In preparation for Brexit we have included the UK in our definitions of ‘Europe’ and ‘European Data Protection Law’. This is intended to minimise disruption to our UK customers and ensure that their personal data is treated in accordance with applicable national data protection legislation, as currently exists and as may be implemented post Brexit.

Our DPA was originally created specifically for customers subject to European data protection laws and we will continue to maintain our commitments to these customers in line with European data protection laws. Our section entitled ‘Additional Obligations for European Data’ will look very familiar and pulls together all our additional commitments to you.

We’ve clarified that the the Standard Contractual Clauses (‘SCCs’) in Annex 3 of the DPA act as the primary transfer mechanism for data transfers to HubSpot Inc. Privacy Shield is also available as a backup in the event that the SCCs are invalidated in the future.

We've added a new section to the HubSpot DPA called 'Additional Obligations for California Personal Information' which calls out our CCPA obligations. These terms will only apply to customers who process Personal Information subject to the CCPA.

We recognize that our customers’ affiliates may also use our subscription services and may be a data controller under European data protection laws. We have extended our DPA to cover Customer Affiliates where personal data is transferred in their use of the subscription services.

We’d also like to flag that we’ve reorganized our DPA as a result of the above mentioned changes and made it easier to navigate. Our ‘Details of Processing’ section has been moved to Annex 1. Our ‘Security Measures’ section has been consolidated into Annex 2 of the DPA. 

Finally, we’ve also made some drafting clean-ups, clarifications, and formatting improvements to our DPA. As a result our terms should more clearly describe the intent of the terms and be easier to review.

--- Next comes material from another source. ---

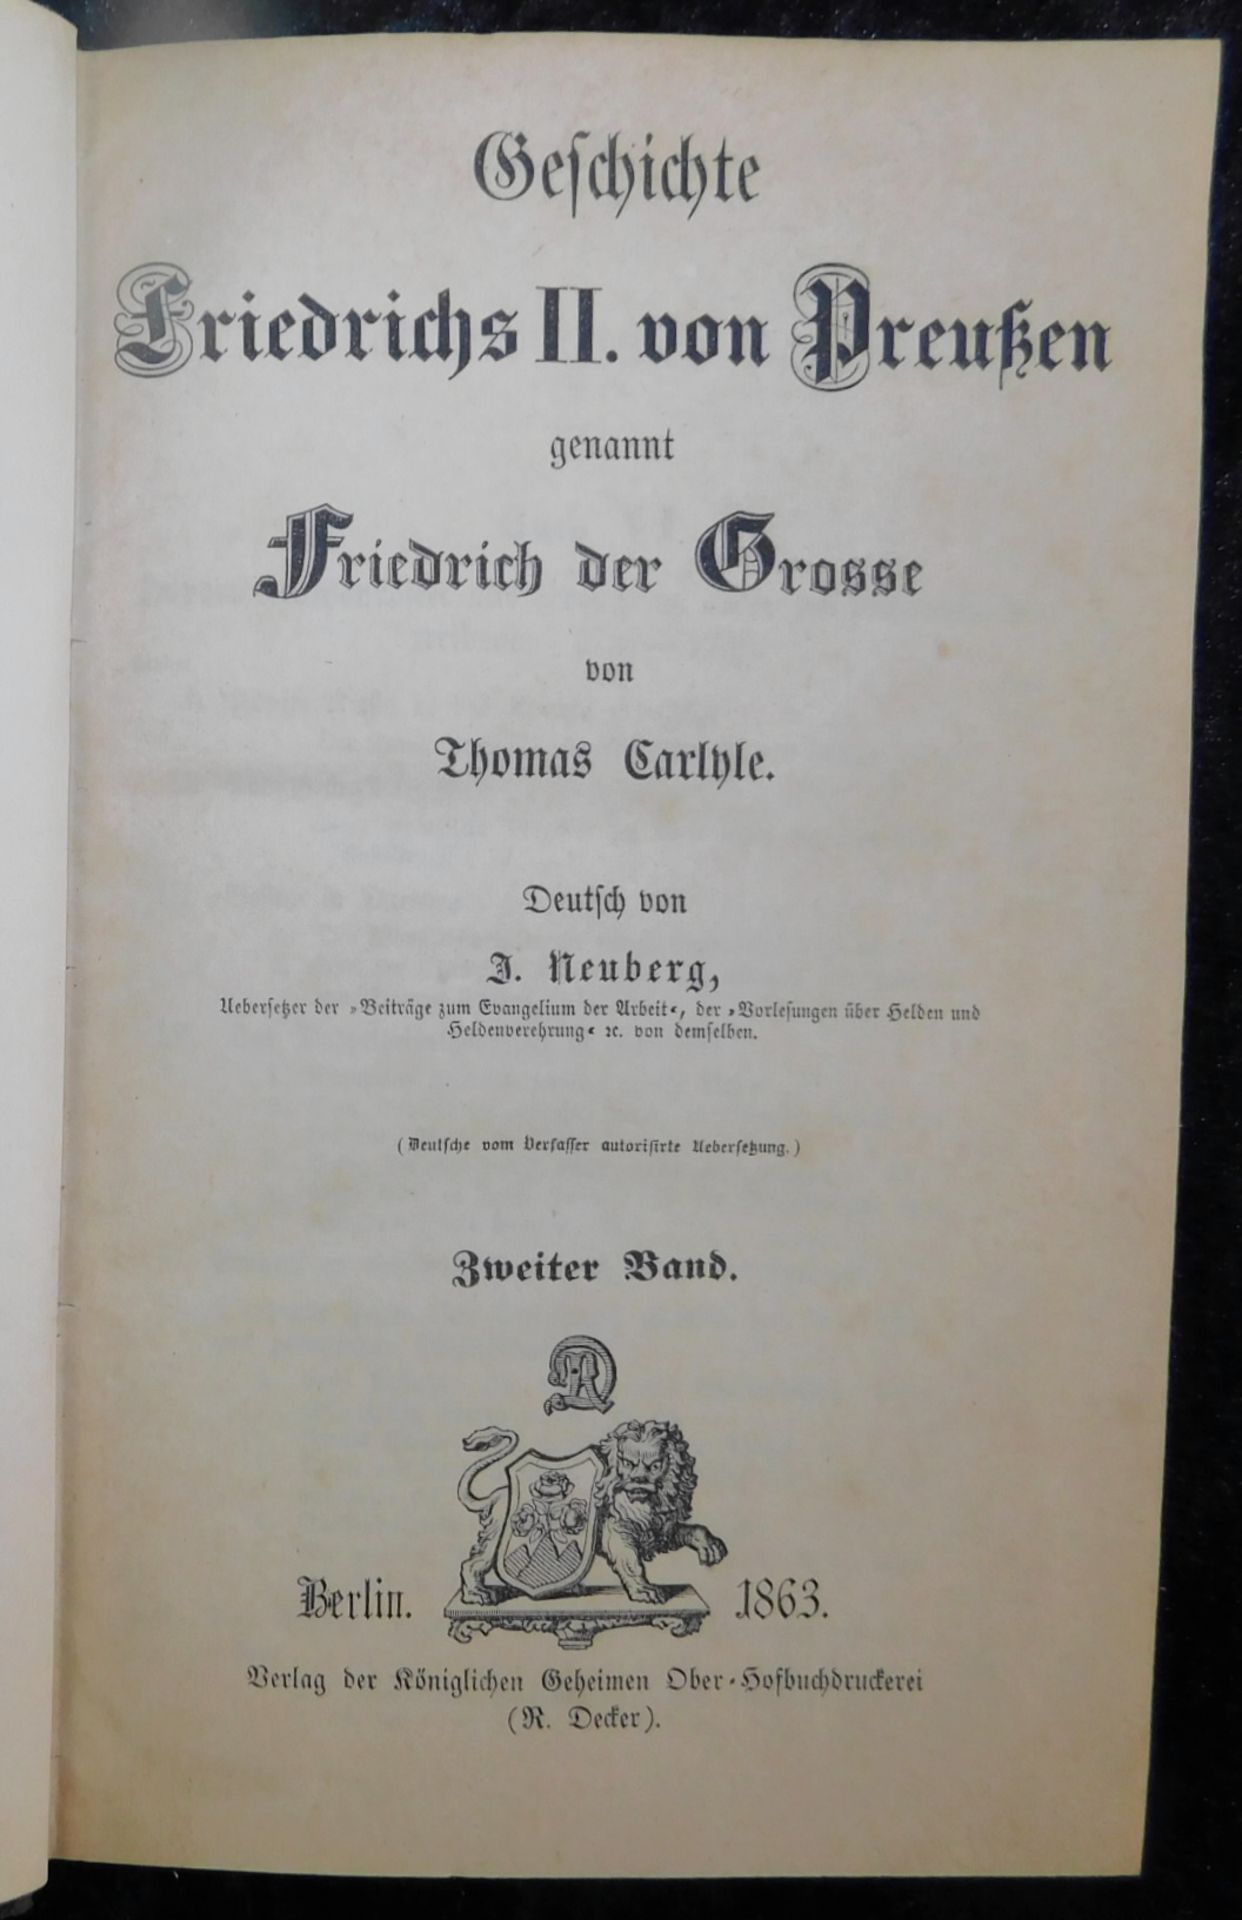 Friedrich der Große, In 5 Bänden, Thomas Carlyle, Deutsch von J. Neuberg, Verlag R. Decker, Be - Image 3 of 6

Acceptable Use Policy Updates

We’ve updated our Acceptable Use Policy (a.k.a. the ‘AUP’) such that use of the HubSpot services to engage, promote, facilitate, or instruct others to engage in illegal activity is now restricted. 

We’ve also restricted use of our services in order to promote, encourage or facilitate hate speech, violence or discrimination based on race, color, religion or creed, national origin or ancestry, sex, age, physical or mental disability, veteran status, genetic information, and/or citizenship.